National Building Museum’s New Augmented Reality Exhibit Takes Visitors To Notre Dame Cathedral
Though it’s in downtown D.C., the National Building Museum hopes to take visitors to Paris this summer — the Notre-Dame de Paris cathedral, to be exact.
Using “HistoPads,” — augmented reality tablets created by French startup Histovery — and a sprinkling of imagination, guests can look overhead at an audience of historic figures like Bishop Maurice de Sully with the cathedral as a backdrop, find hidden treasure in its stained glass windows, and peer into a 3D model of the coronation of Napoleon.
“Notre-Dame de Paris: The Augmented Exhibition” opens today, April 15, exactly three years after the iconic cathedral went up in flames and suffered devastating damage in just a matter of hours. The cause of the fire is still being investigated.
The exhibit is making its North American debut in D.C. and will be on view through Sept. 26.
About a third of the displays are dedicated to the present restoration project, including the professionals involved, the updated design, and what the future cathedral might look like. But much of the exhibit, and perhaps its most interesting sections, send visitors into centuries past. Histovery’s technology has been used to recreate D-Day at Ohio’s National Museum of the U.S. Air Force, and its team of designers and historians plan to use it to immerse viewers in iconic settings around the world, such as the Palace of Versailles.
The Notre Dame exhibit isn’t particularly huge — it takes up just over one hall of space on the second floor of the spacious museum — but that’s easy to forget while holding the tablet, turning full circle, and seeing the entire square in front of the 12th-century Gothic cathedral. The exhibition features 21 separate interactive experiences (10 historic and 11 current models of the cathedral’s architecture), and information from seven experts working on the restoration, all of which can be read or heard in 11 different languages.
The exhibit is the latest in a series of splashy summer programs the museum has put on for much of the past decade, which included a giant ball pit, multi-story hive and an indoor green lawn, in addition to a beer garden and lounge area on its actual lawn. Last year amid the pandemic, the museum rolled out a series of smaller installations instead.
Aileen Fuchs, who’s been the National Building Museum’s president and executive director since 2021, says the museum staff began planning for Notre Dame shortly after she took the role a year ago. It’s the first time the National Building Museum is incorporating this type of technology into one of its exhibits.
“This exhibition offers a totally new way through time and space, using technology, to really bring you into the world of one of the most iconic structures in the world,” Fuchs tells DCist. “To use technology is a great next step and next level for us, and we think it’s a really powerful tool to convey the importance of these structures to our humanity.”
“More than half of the donations made to rebuild Notre-Dame de Paris were made by [people in] the U.S.,” Raphael Marchou, Histovery’s head of business development, said at a preview of the exhibit Thursday. “So it’s important for us that we see the special link between the United States and Notre-Dame de Paris Cathedral.”
In fact, in the immediate aftermath of the blaze, Americans donated more than anyone to the restoration project.

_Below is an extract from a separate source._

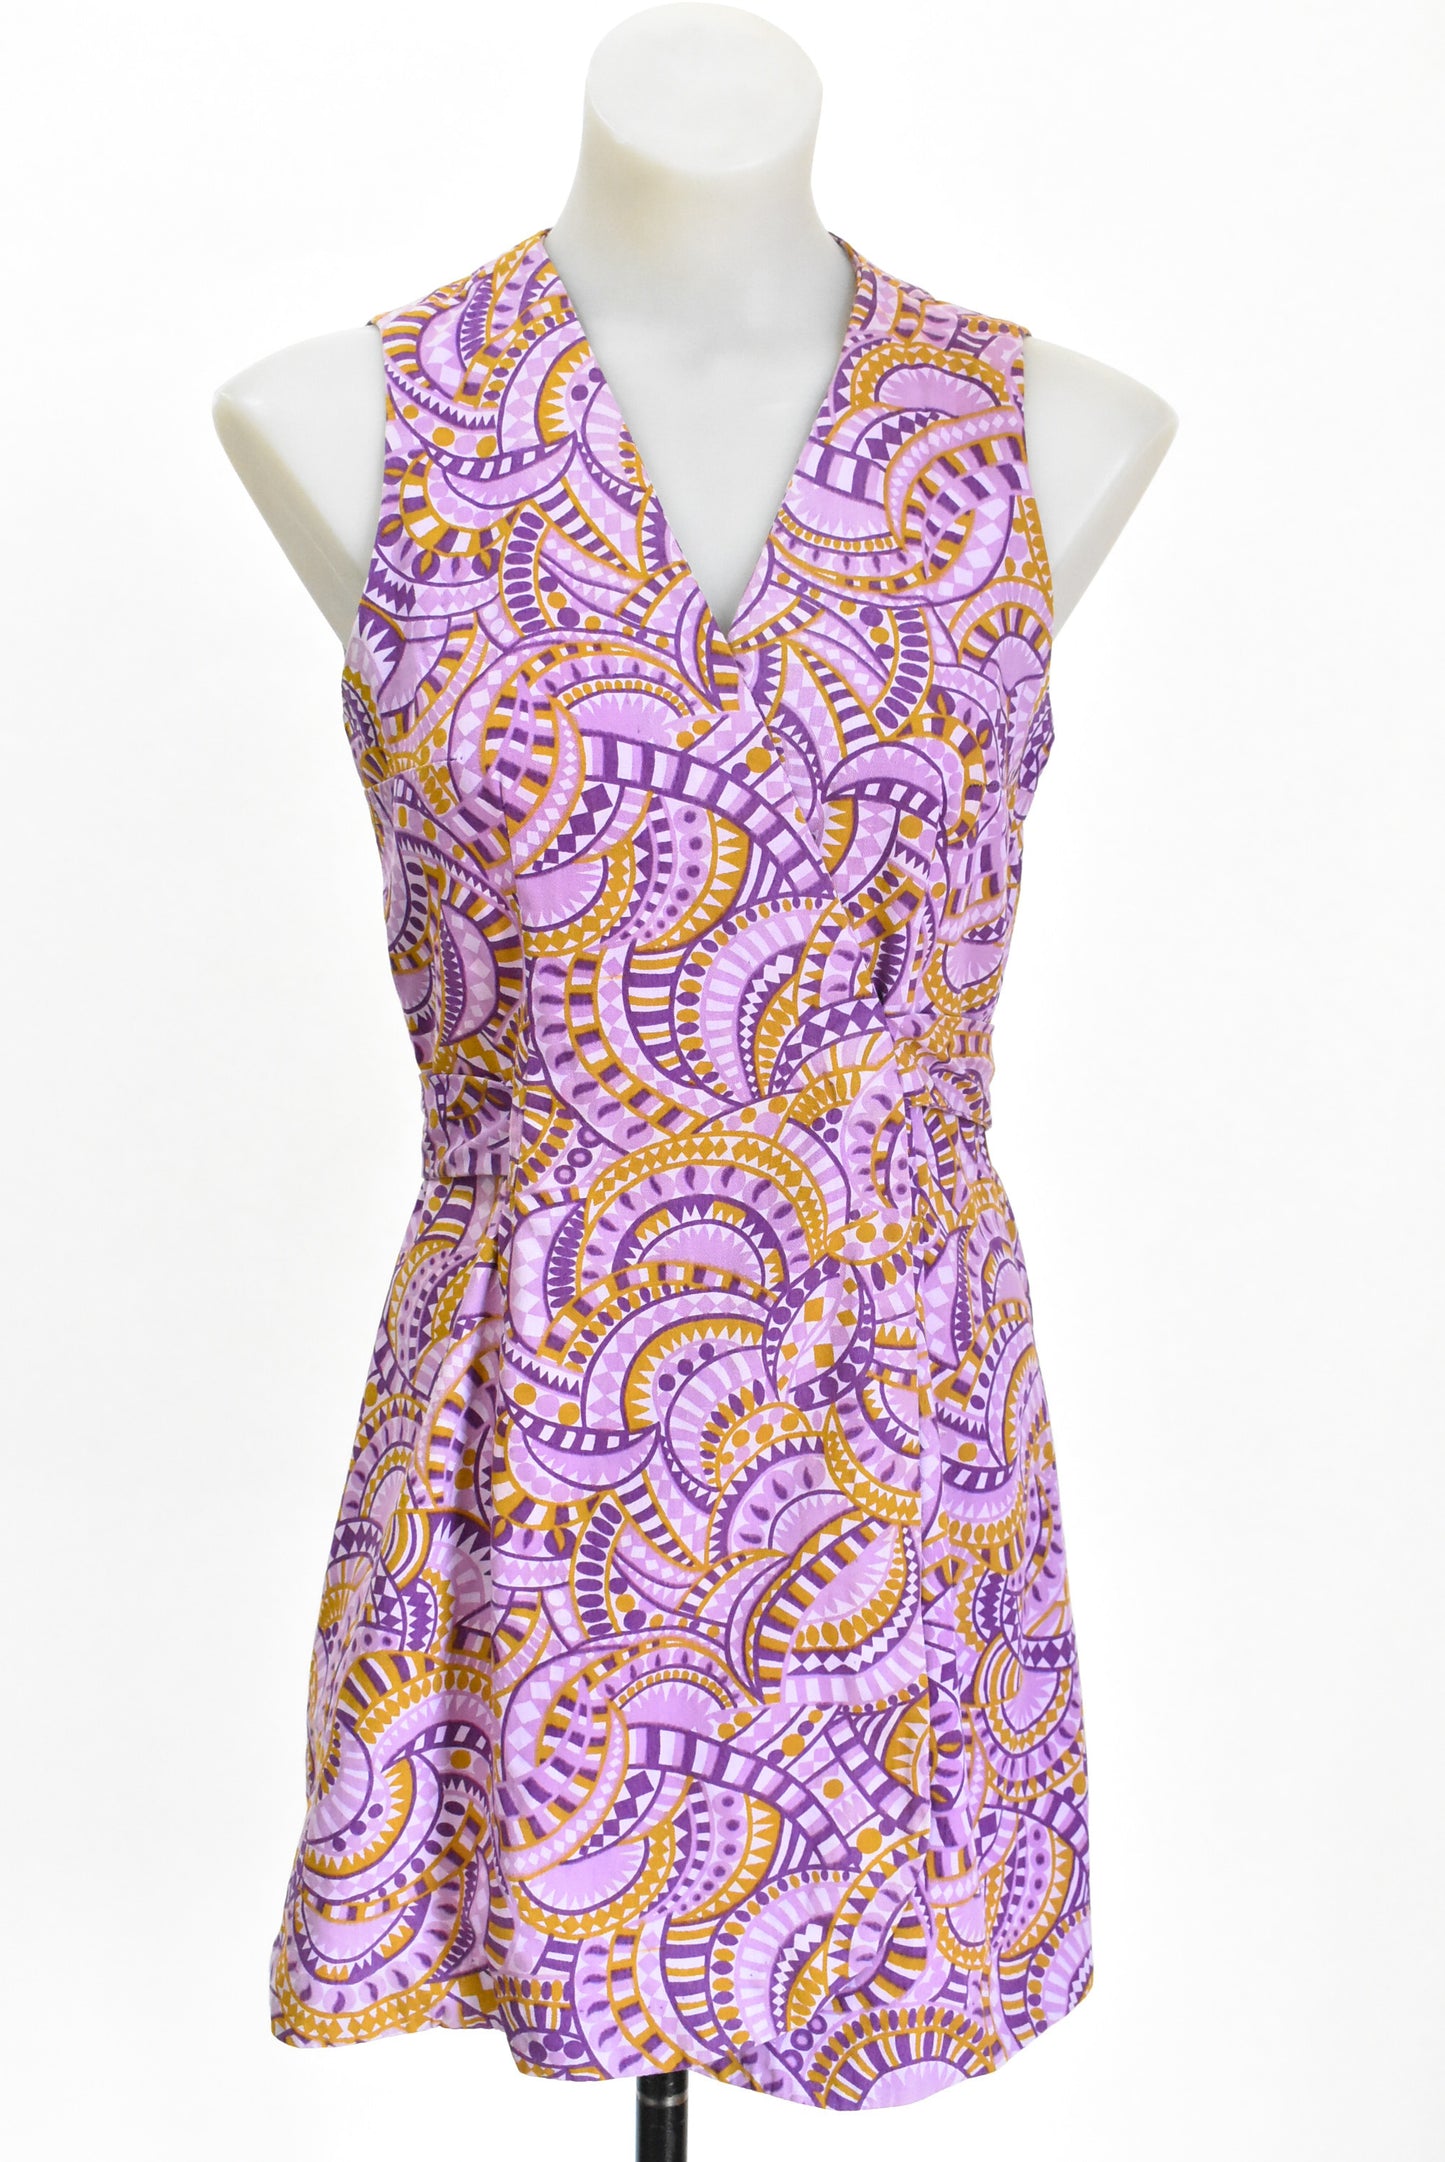 Retro purple and gold wrap around dress/top, M

Meanwhile, the speed at which French billionaires rushed to pledge millions to the effort — and the amounts they pledged — raised plenty of eyebrows around the globe. One of those wealthy families, L’Oreal’s Bettencourt Meyers family, pledged 200 million euros ($226 million) to Notre Dame. L’Oreal is the sponsor of the National Building Museum exhibit.

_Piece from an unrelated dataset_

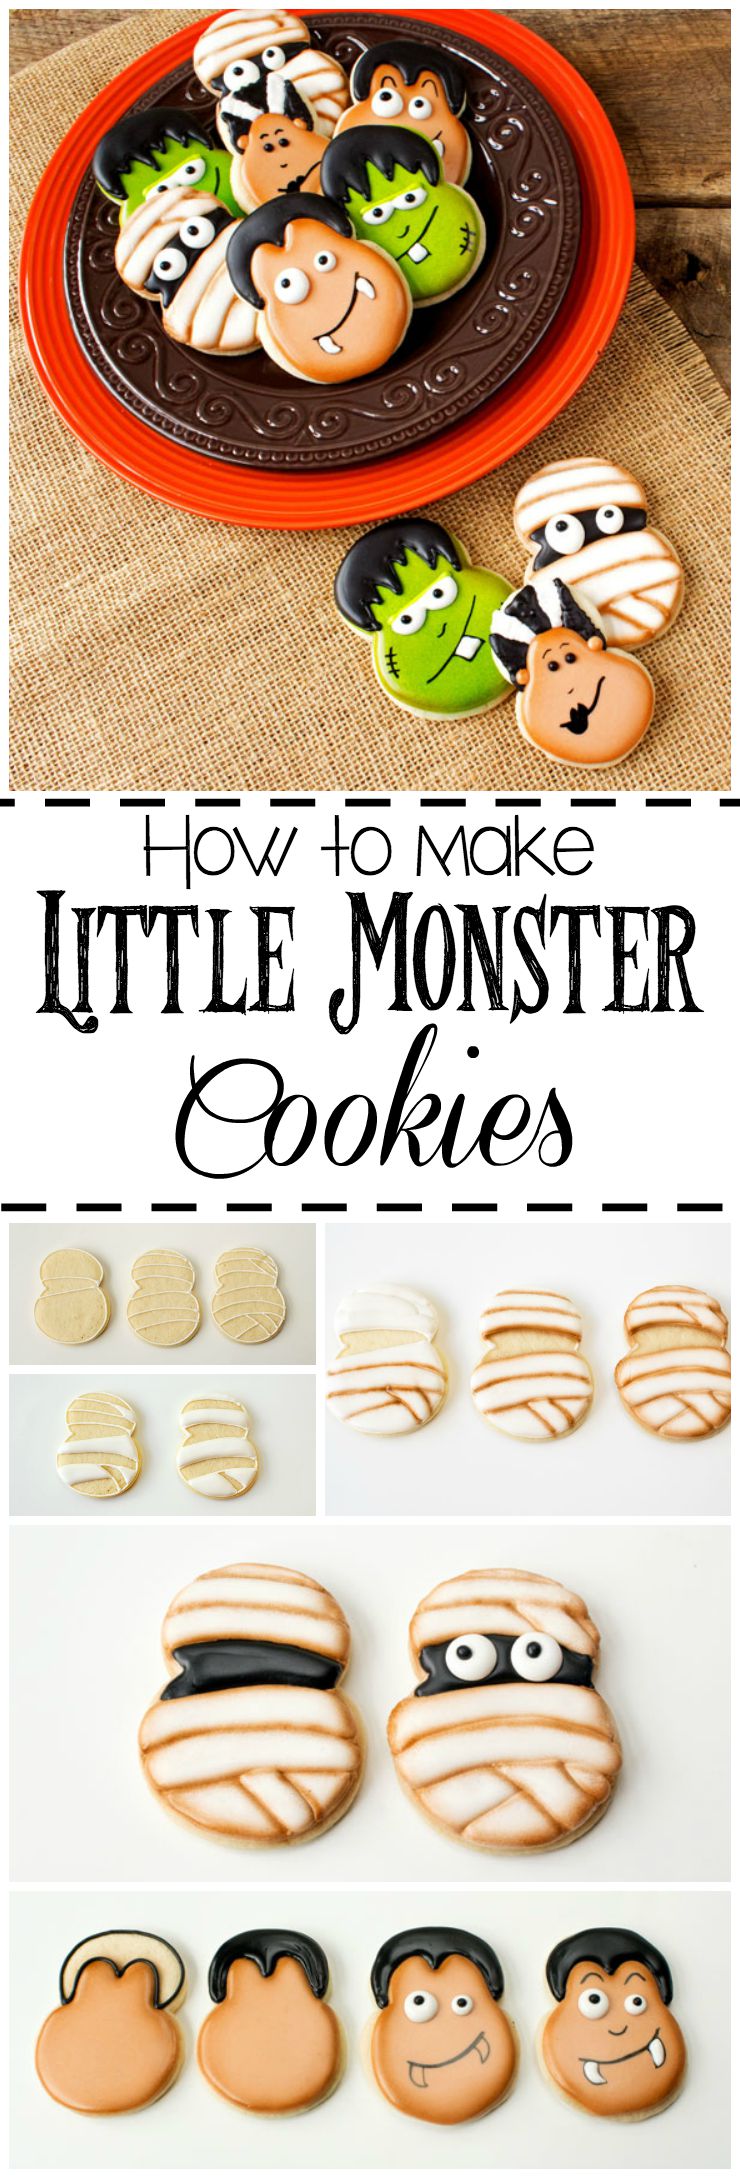 How to Make Little Monster Cookies via www.thebearfootbaker.com

The partnership allowed the Notre Dame activation be included in the museum’s base $10 general admission charge to view exhibits, according to organizers. (The museum’s dramatic, Renaissance Revival style Great Hall is open to the public free of charge.)
“It’s important to us to make the power of design and architecture really palpable and experiential for more more people,” Fuchs says. “Tomorrow, I’ll be bringing my 6-year-olds and my 76-year-old parents [to the exhibit], and I know that they’re all going to love something about it. And that’s really cool.”
Notre-Dame de Paris: The Augmented Exhibition, April 15 – May 31: Friday – Monday 11 a.m. – 4 p.m.; June 1 – Sept. 26: Thursday – Monday 11 a.m. – 4 p.m.; $10 general admission, $7 youth, students, and seniors. National Building Museum, 401 F Street NW.